The role of the afferent input from sensory cortical areas, irrespective of modality, to the thalamus seems to be to desynchronize the thalamic activity (Andersson and Wolpow, 1964; Steriade et al., 1987). With this in mind, note that the primary and secondary sensory areas do not change between wakefulness and sleep, indicating no further downregulation beyond that achieved by the sensory deprivation (closed eyes, dark and quiet room) employed for the scanning. Reports that processing of external stimuli beyond that of the primary areas continue during sleep (Nielsen-Bohlman et al., 1991; Bastuji et al., 1995) lend further support to this. Hence, data may be interpreted such that primary and secondary processing of external events still occurs during synchronized sleep, but that the information never reaches consciousness because of the burst mode state of the frontal and parietal association cortices.

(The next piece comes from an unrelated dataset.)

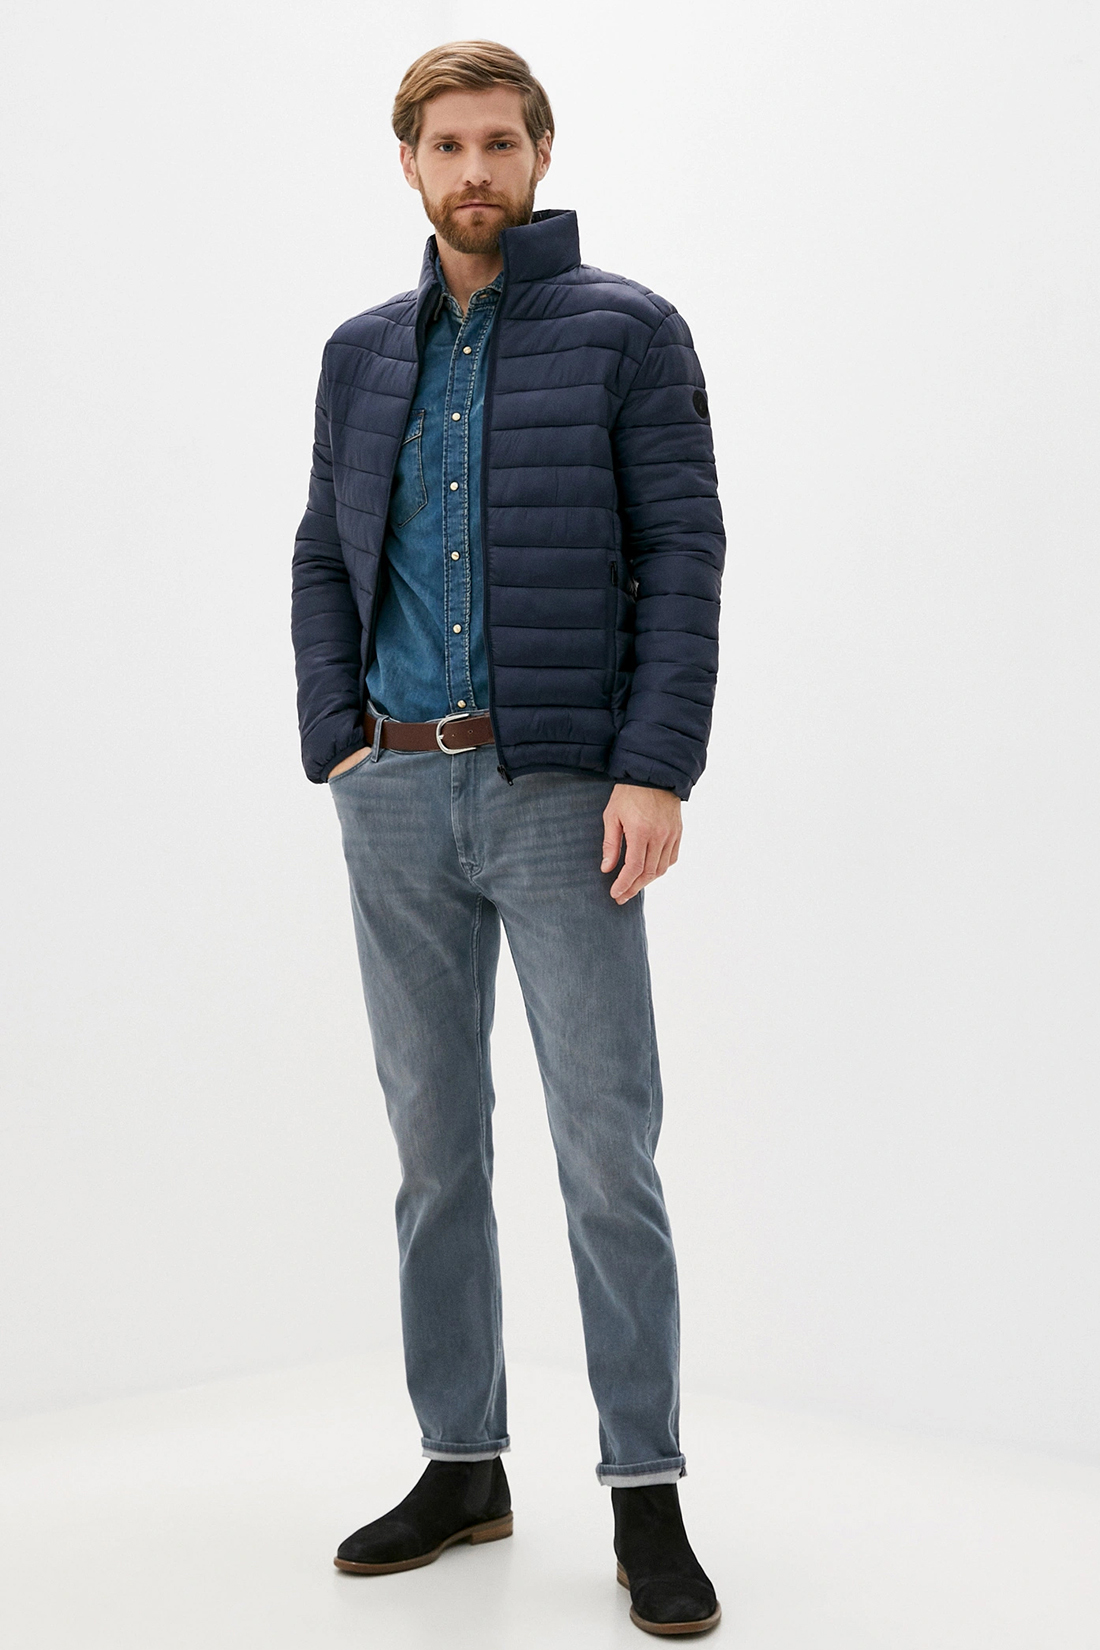 Куртка (Эко пух) (арт. baon B540520), размер XL, цвет синий Куртка (Эко пух) (арт. baon B540520) - фото 5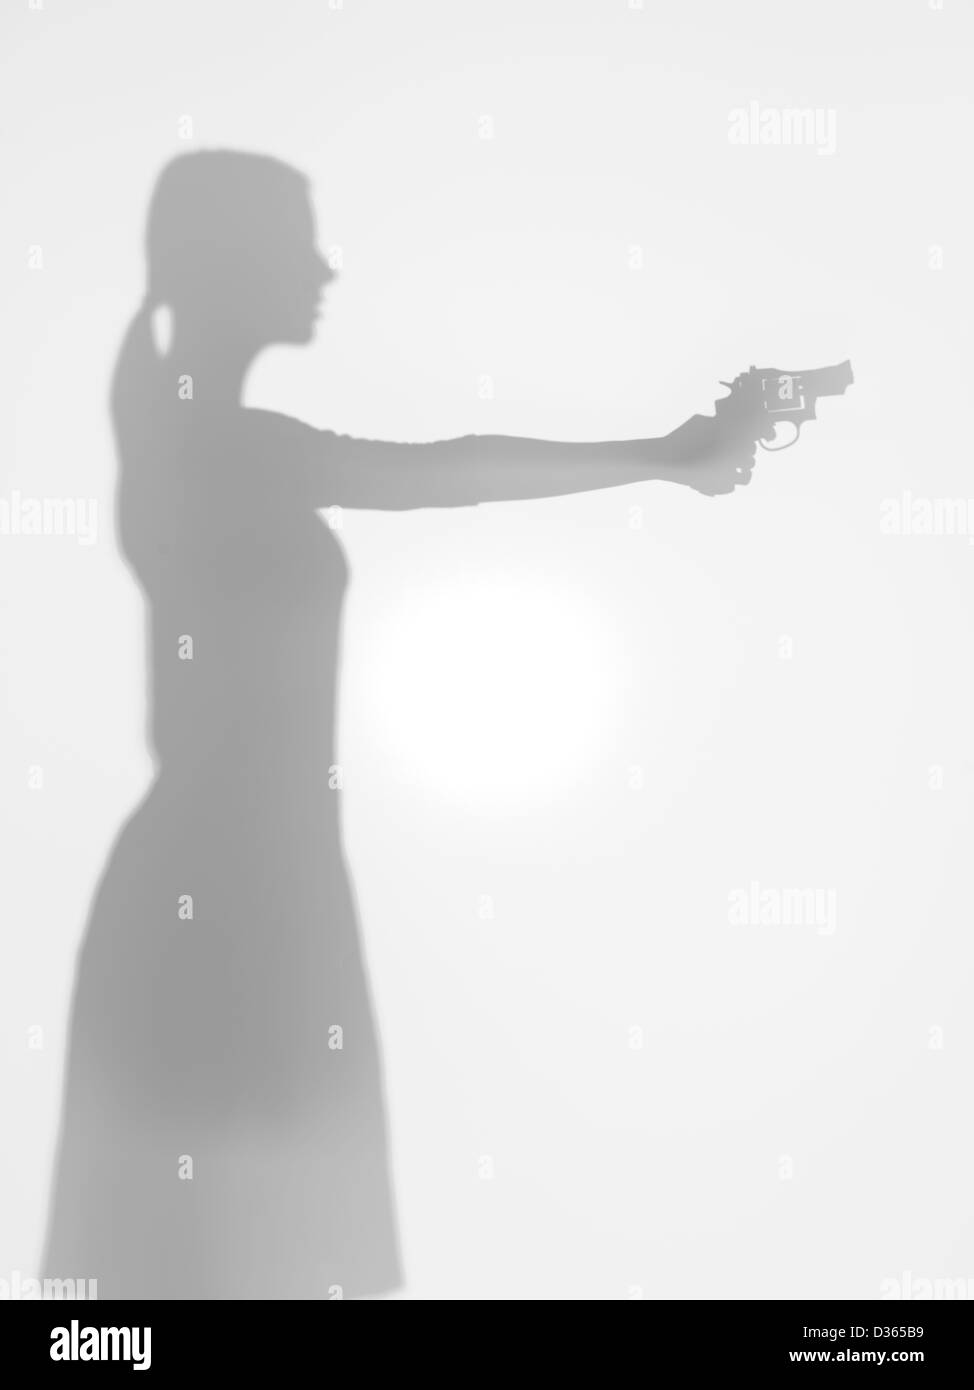 Vista laterale della silhouette di donna in possesso di una pistola mirando davanti a lei, dietro una superficie diffusa Foto Stock

Why do we encounter the thalamus on one hand and the association cortices and the cerebellum on the other hand in different principal components, indicating that these systems are not functionally connected (Friston et al., 1993)? Clearly there is a functional coupling between the thalamus and the cortex during sleep; the present data simply suggest that there is a functional decoupling of the processes that is detected as a decreased blood flow. Hence, a possible explanation would be that the slow-wave activity, being at least partially of cortical origin, is picked up mainly by the second PC, and that the thalamic spindle activity is accounted for mainly by the fifth PC. Support for a cortical origin of the slow-wave oscillations comes from reports of slow-wave activity in cortical areas deprived of thalamic input (Henry, 1949) and slow-wave activity in the cortex of athalamic animals (Villablanca, 1974). From this perspective, the presence of a subject by task interaction for the fifth PC could be explained by the very slow (0.1–0.2 Hz) component in the occurrence of the sleep spindles (Steriade et al., 1990). It has been demonstrated that H215O PET data are highly sensitive to the timing of stimulation in relation to the injection of tracer (Silbersweig et al., 1994). Thus, the exact timing of the occurrence of a sleep spindle, lasting for 1 to 2 seconds, in relation to the injection of tracer may determine to which extent it may be detected in the resulting images. Unfortunately, the accuracy of the synchronization of our EEG signal in relation to the injection of tracer does not permit us to test this hypothesis on our data.
If the interpretation that the changes detected by the second and fifth PC are related to delta and spindle activity, respectively, is correct, why are they found in areas known to be heavily connected? One possible explanation would be that spindle activity transmitted from the thalamus to the frontal and parietal cortices triggers the cortical sources of delta activity. This explanation, however, must be considered as highly speculative, and our finding of two independent sleep-related networks would need to be confirmed in an additional material.
CONCLUSION
Our data indicate two systems relating to synchronized sleep—one consisting of the cerebellum and large areas of prefrontal and parietal association cortex, and one consisting of the thalamus—that are functionally disconnected on the time scale of the PET studies. For a given subject, one or both of these systems may be affected during slow-wave sleep.